Knocking in SI (Spark Ignition) engines is one of the most addressable problems. If not detected in early stages, it causes a severe damage to an SI engine. Various techniques have been proposed so far, in order to detect early knock symptoms. This paper presents a novel approach to detect knocking using technique of Artificial Intelligence. A four stroke, single cylinder engine is simulated using GT Power engine simulation software. Data is generated through simulation for both knock and no-knock conditions. A CMAC (Cerebellar Model Articulation Controller) based neural network is then applied as an AI (Artificial Intelligence) tool to distinguish between knock and no-knock conditions.
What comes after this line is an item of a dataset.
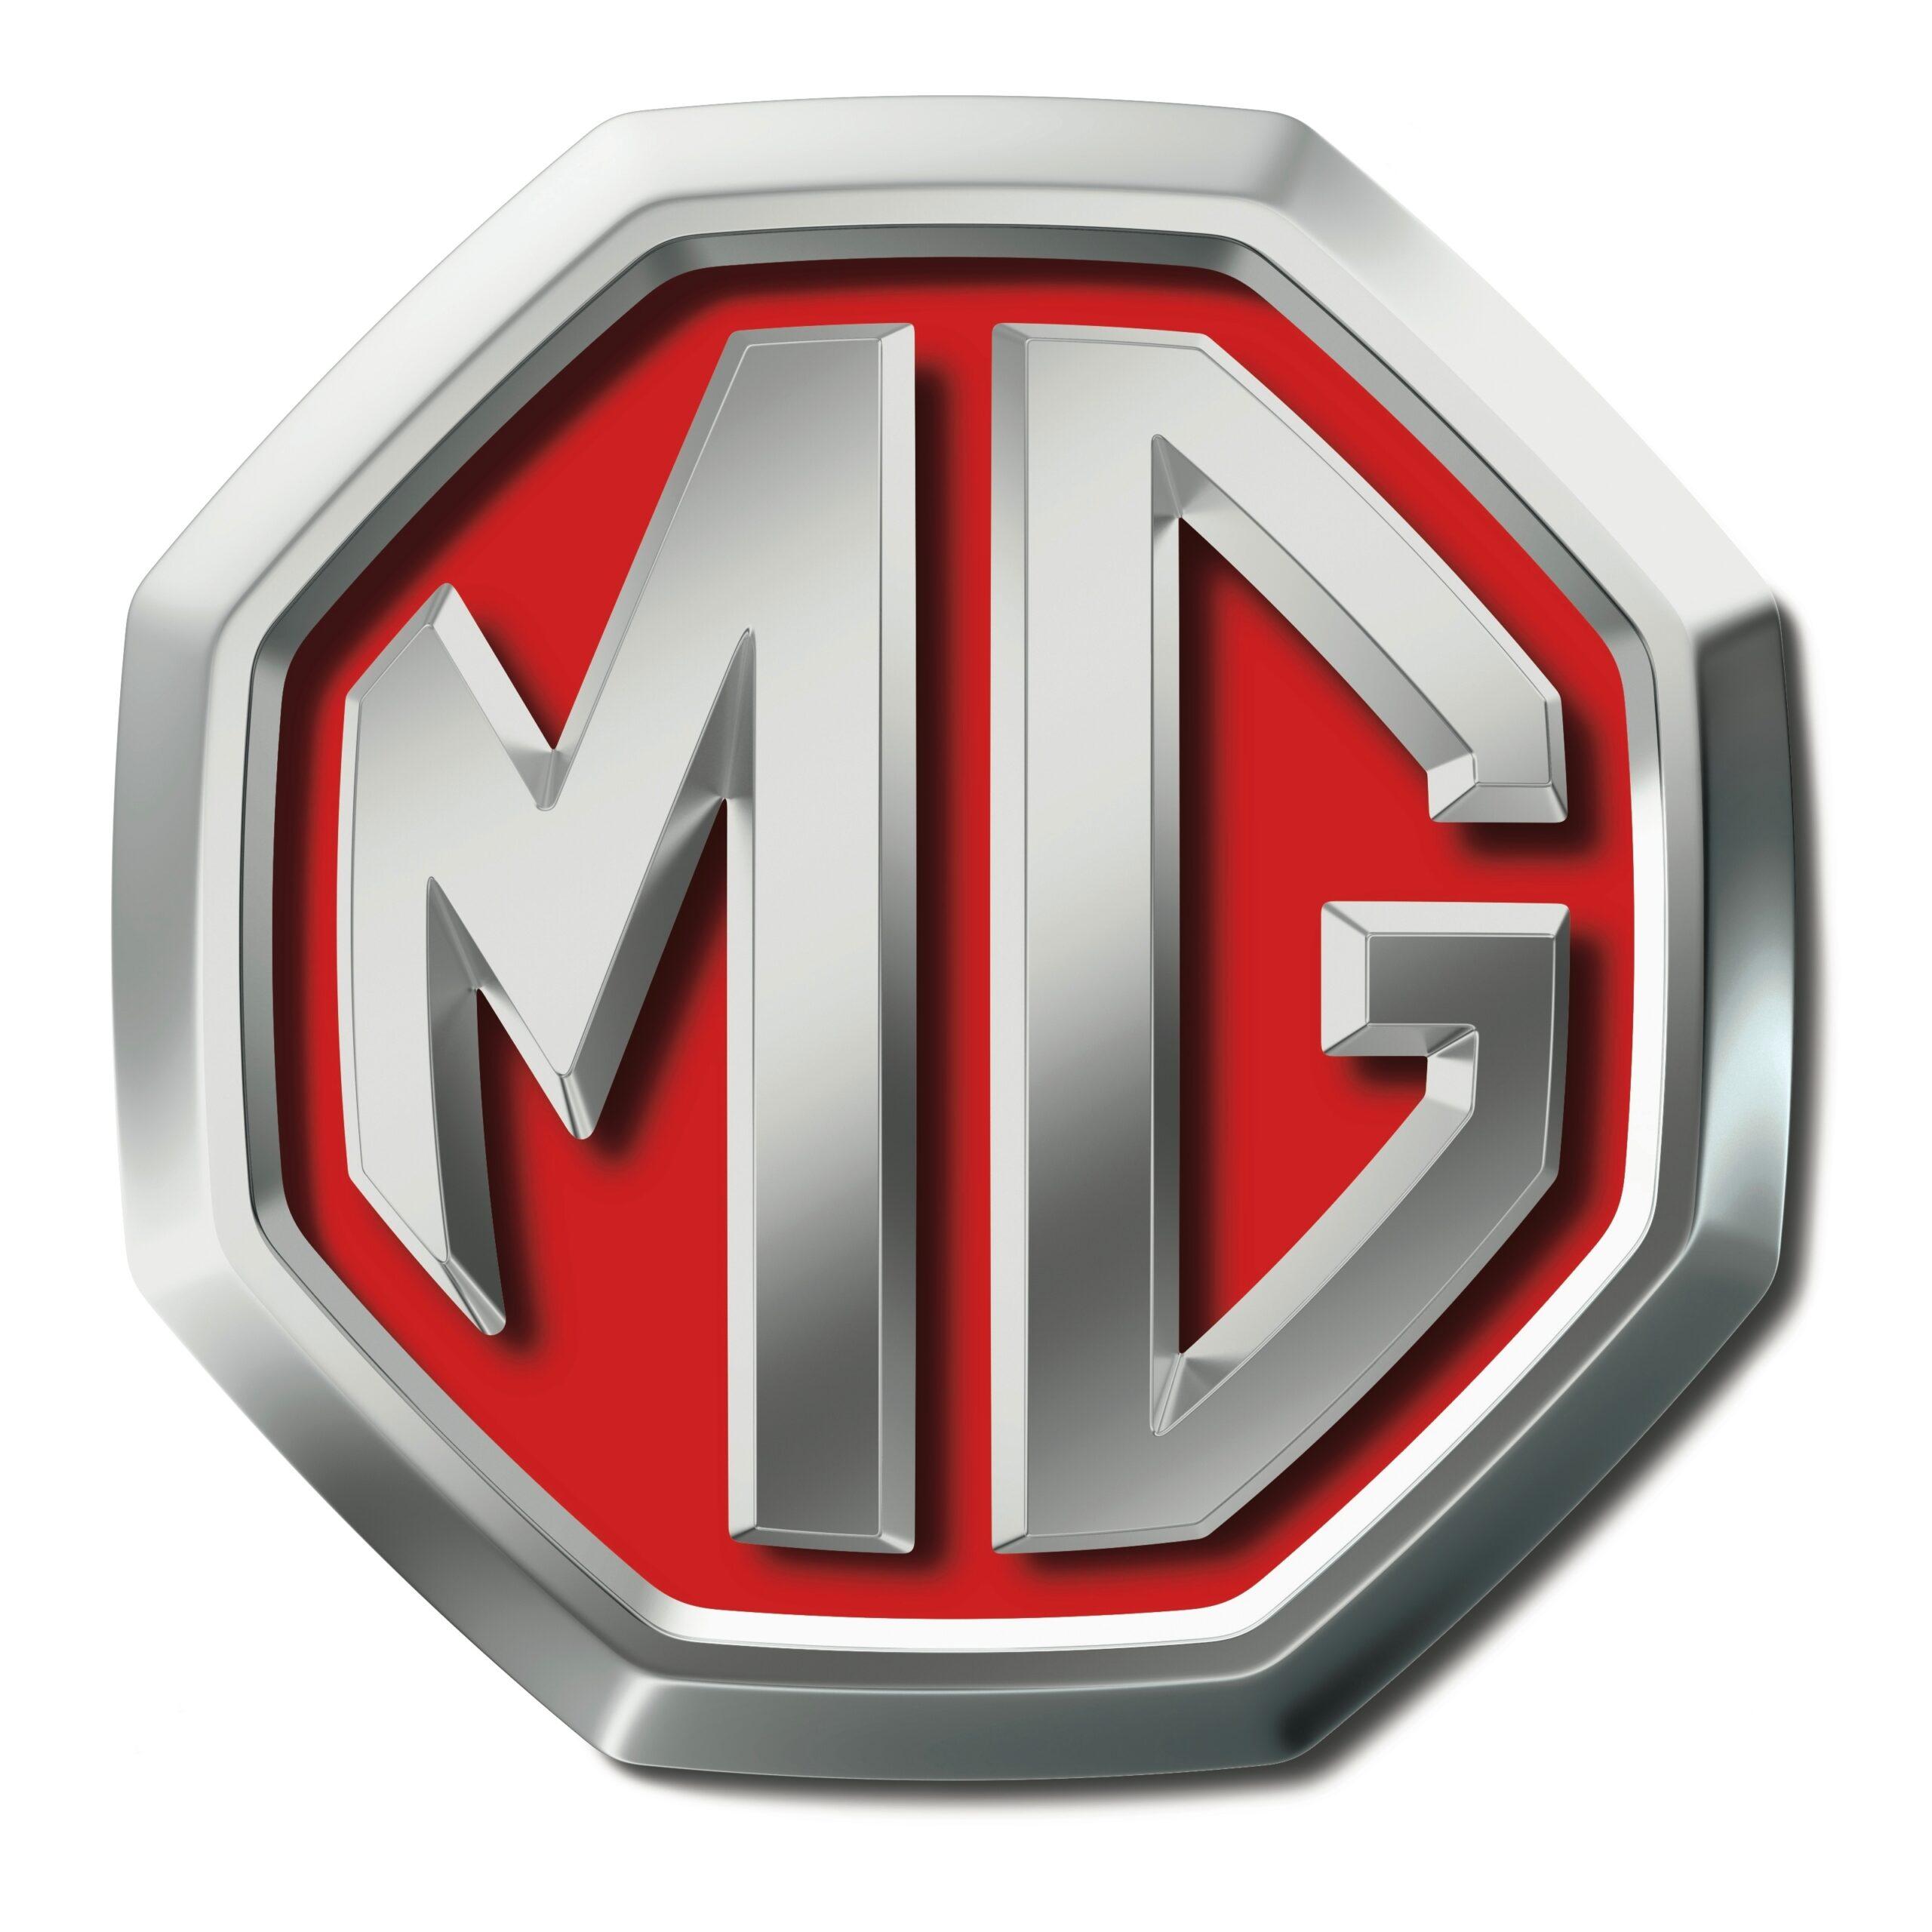 MG logo logotype scaled

The results show a promising future for CMAC neural networks as a technique to detect knocking in SI engines.
基于CMAC神经网络的火花点火发动机爆震检测
在SI(火花点火)发动机爆震是最容易解决的问题之一。如果在早期阶段未发现,则会对SI引擎造成严重损坏。到目前为止,已经提出了各种技术,以检测早期的敲击症状。本文提出了一种利用人工智能技术进行敲击检测的新方法。利用GT Power发动机仿真软件对一台四冲程单缸发动机进行了仿真。通过模拟产生了爆震和无爆震两种情况的数据。然后将基于CMAC(小脑模型发音控制器)的神经网络作为AI(人工智能)工具应用于区分撞击和非撞击情况。结果表明,CMAC神经网络作为一种检测发动机爆震的技术具有广阔的应用前景。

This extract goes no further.